**Work required**
An exact reproduction of the data below is expected, free of images.

**Available data**
■ ■ ■ ■ ■ ■ ■

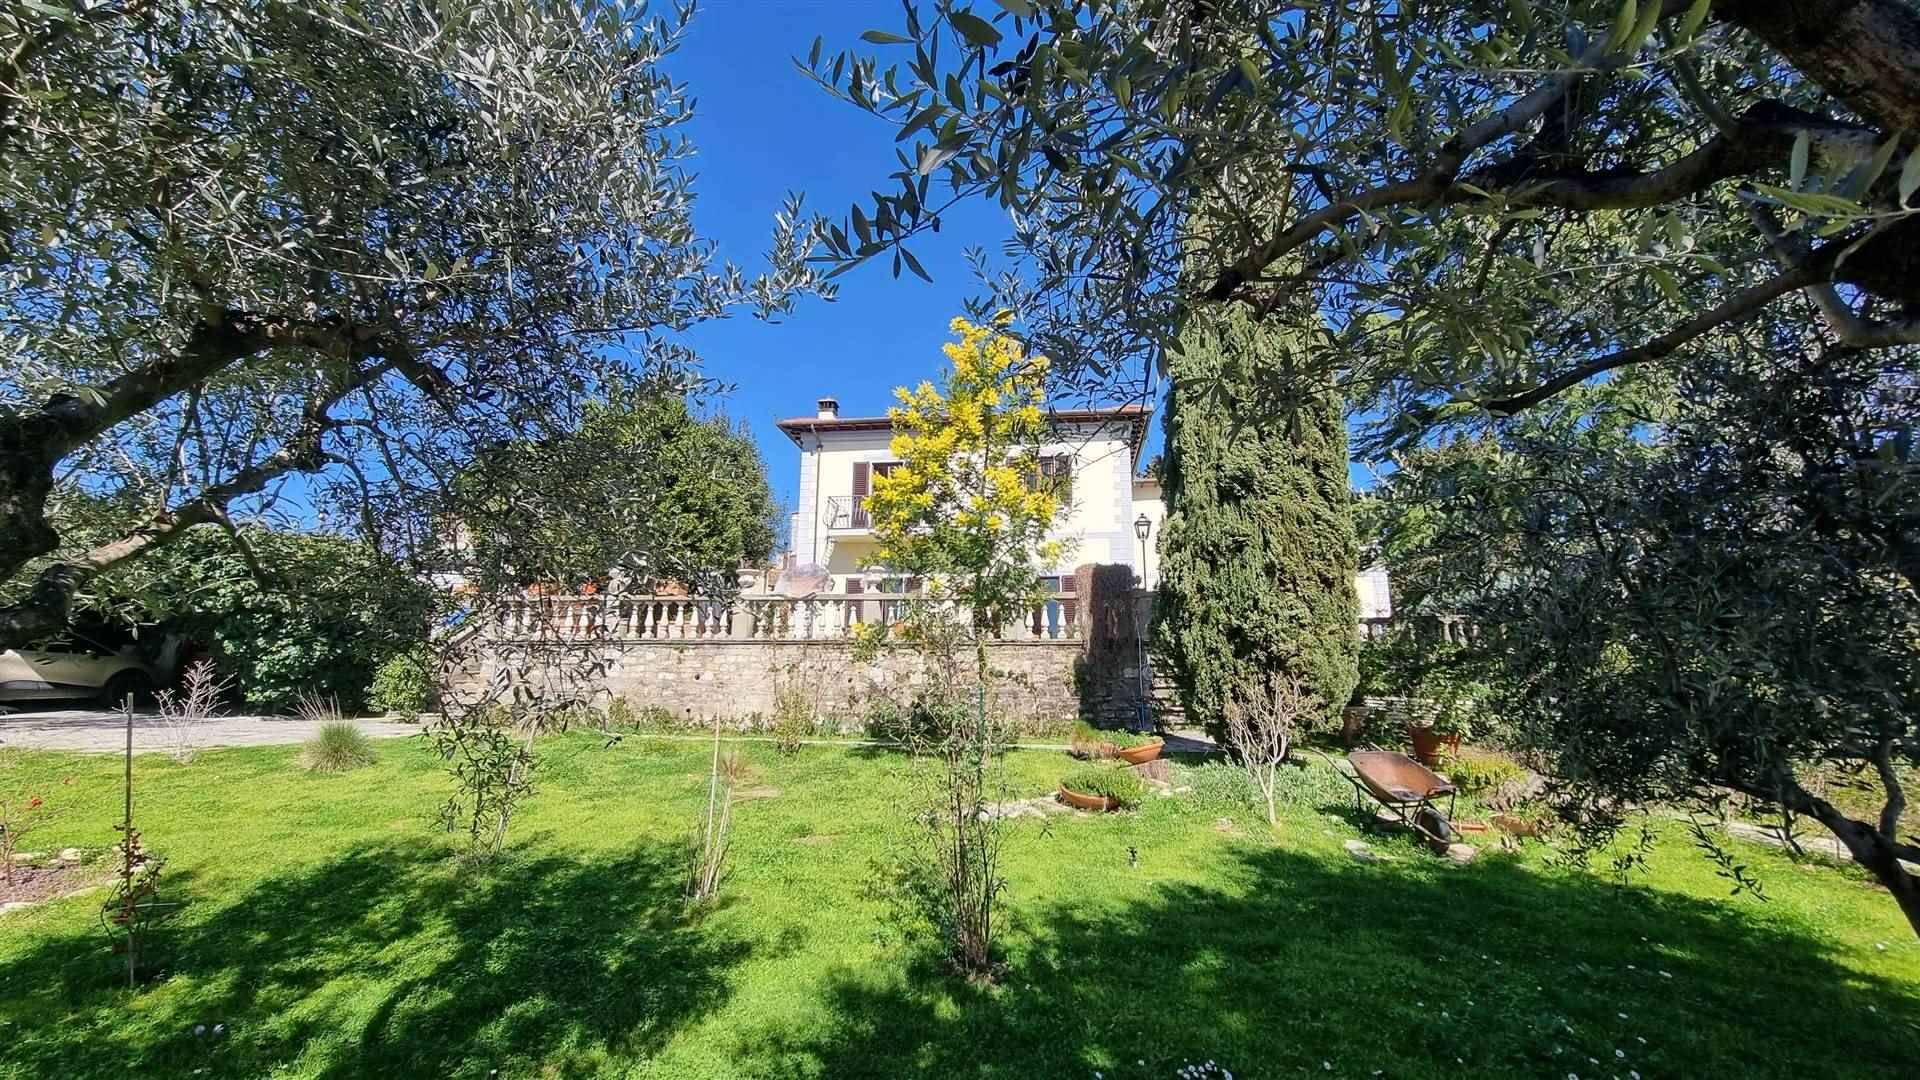 Bolognese - Pian di San Bartolo: Splendida villa duecentesca di 490 mq circa immersa nel verde del suo parco privato carrabile di oltre 800 mq circa. 
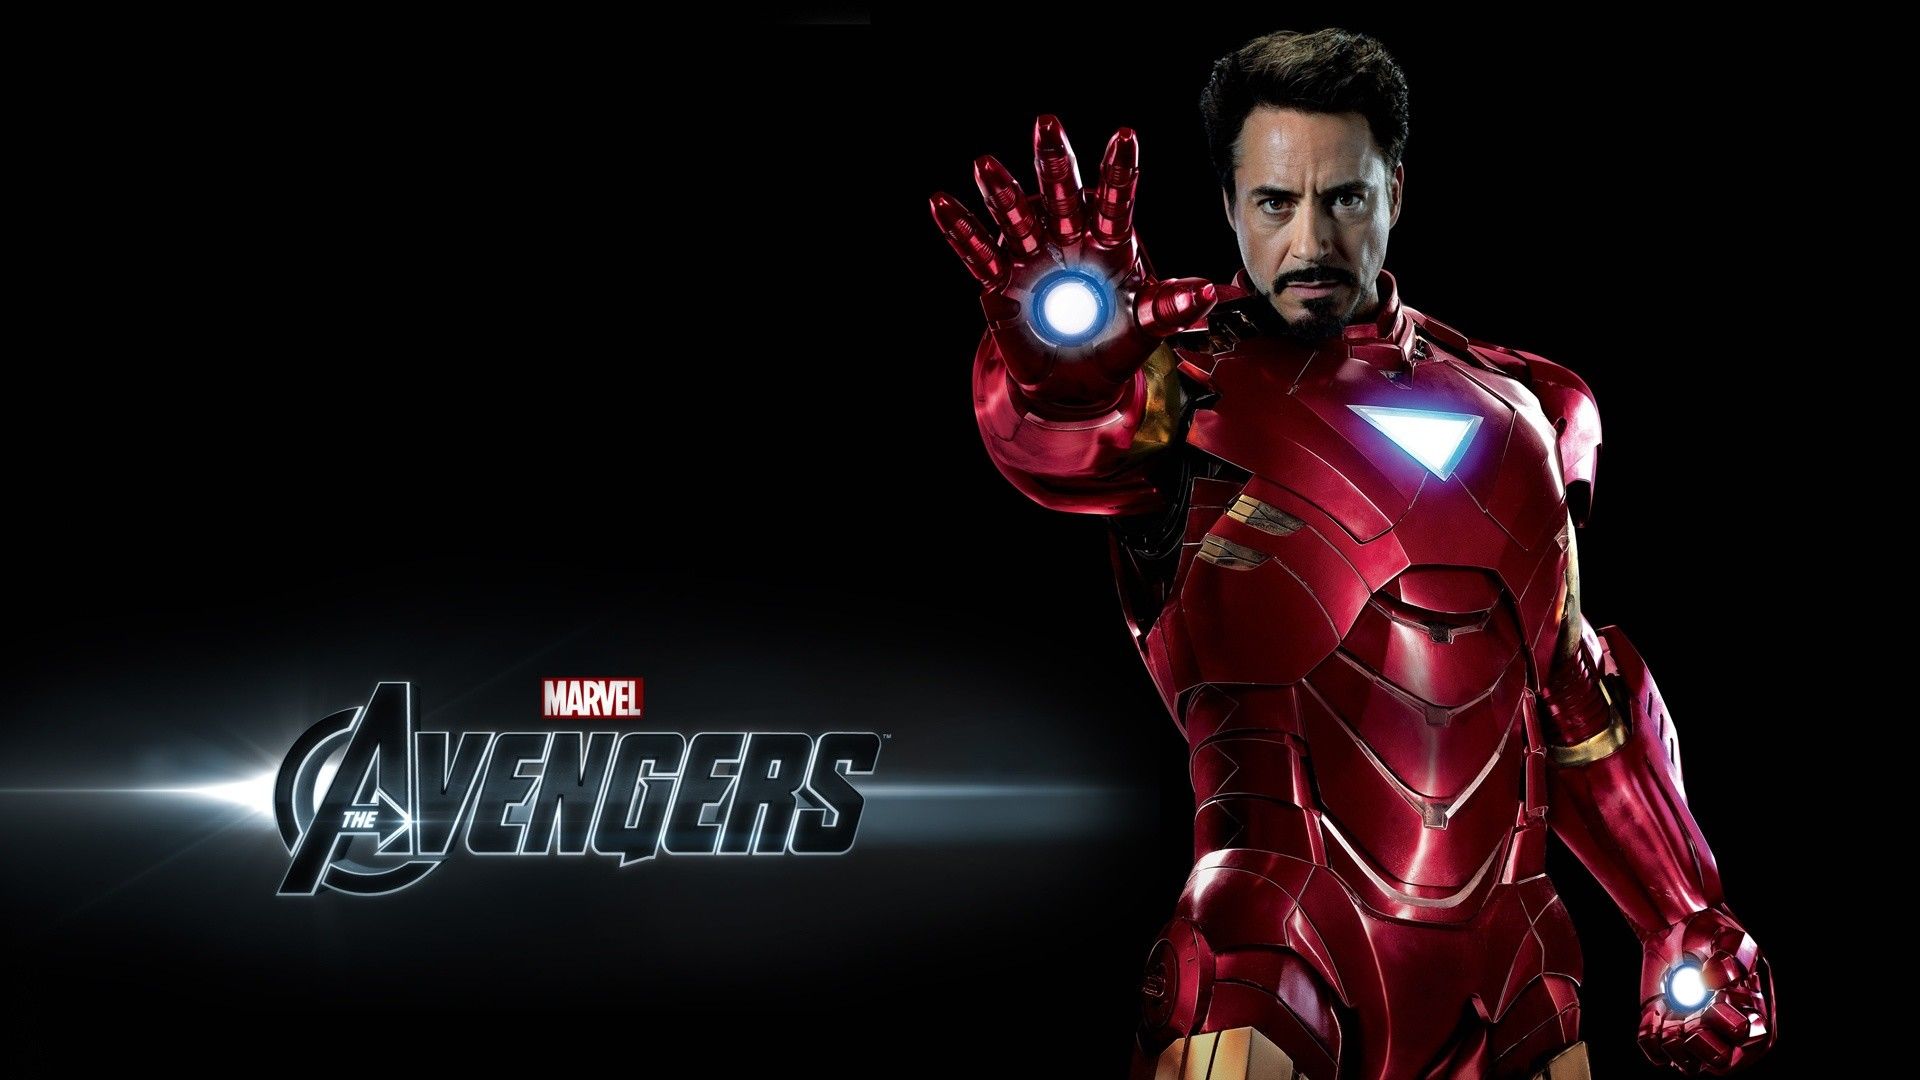 Marevl Avengers Ironman Poster Wallpaper
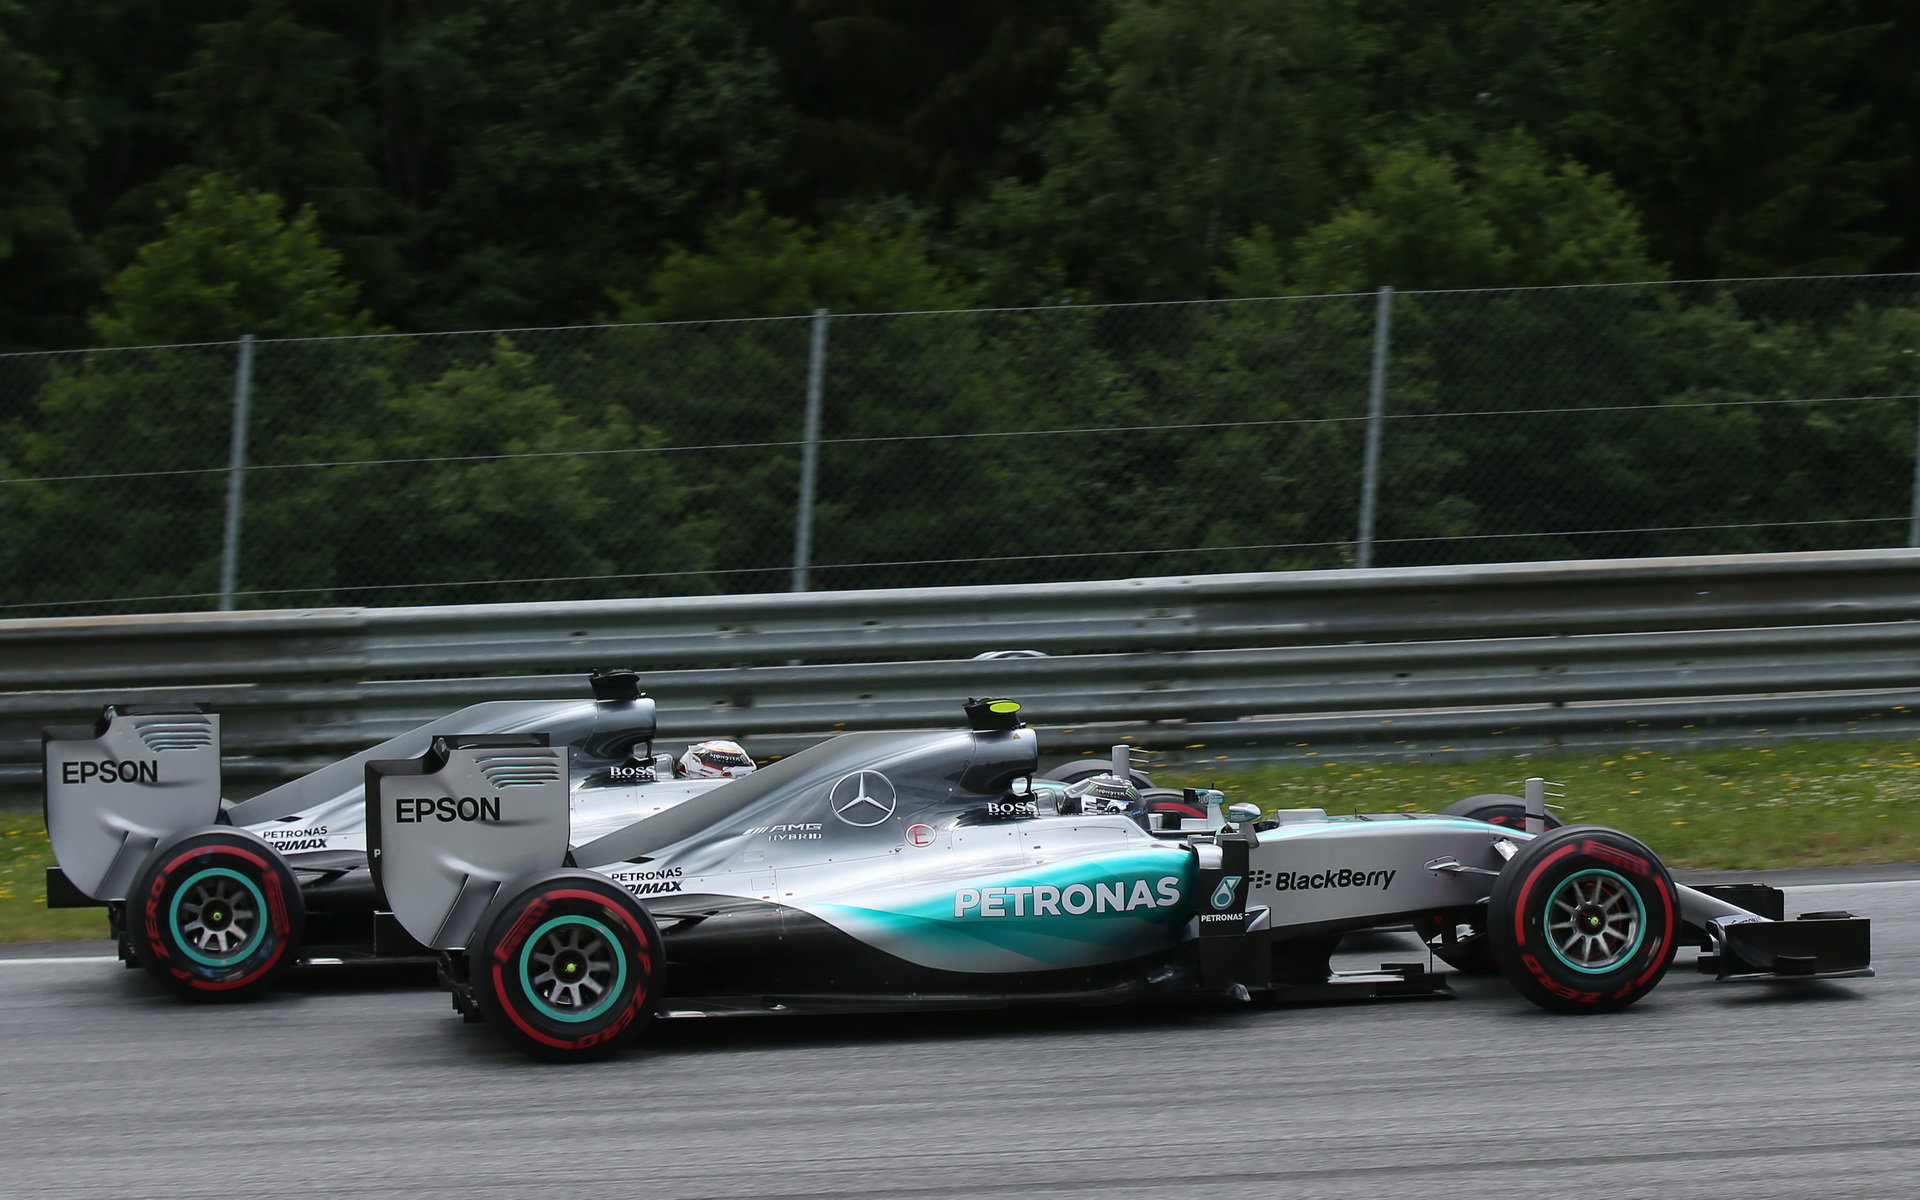 Podobný souboj se odehrál loni po startu, jenže tentokrát měl pro Rosberga podstatně horší následky
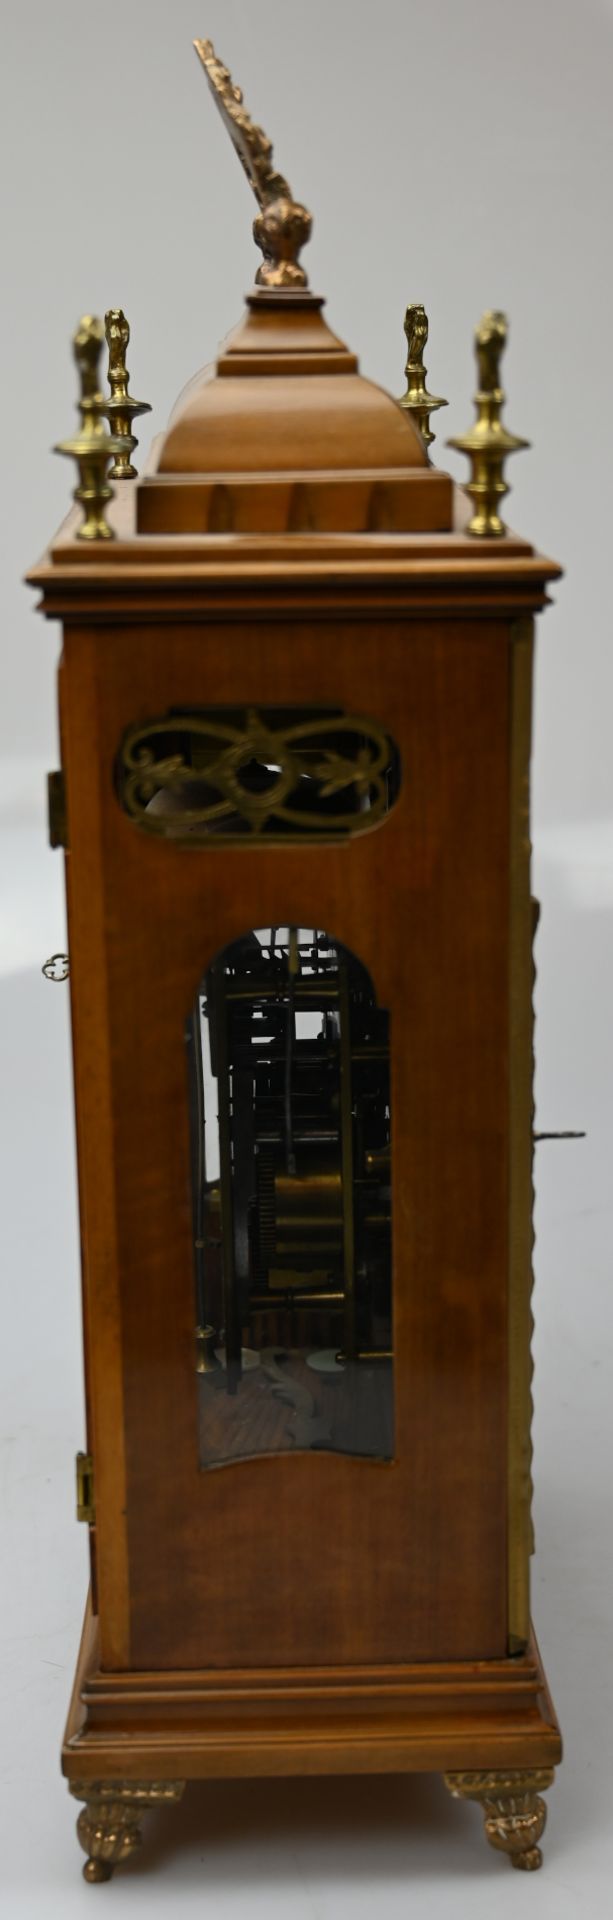 1 Stockuhr wohl um 1800, braunes Holzgehäuse z.T. bemalt/mit Messingapplikationen/-griff - Bild 3 aus 4

■ ■ ■ ■ ■ ■ ■

**Task response**
 Bolognese - Pian di San Bartolo: Splendida villa duecentesca di 490 mq circa immersa nel verde del suo parco privato carrabile di oltre 800 mq circa. 
 Marevl Avengers Ironman Poster Wallpaper
 Podobný souboj se odehrál loni po startu, jenže tentokrát měl pro Rosberga podstatně horší následky
 1 Stockuhr wohl um 1800, braunes Holzgehäuse z.T. bemalt/mit Messingapplikationen/-griff - Bild 3 aus 4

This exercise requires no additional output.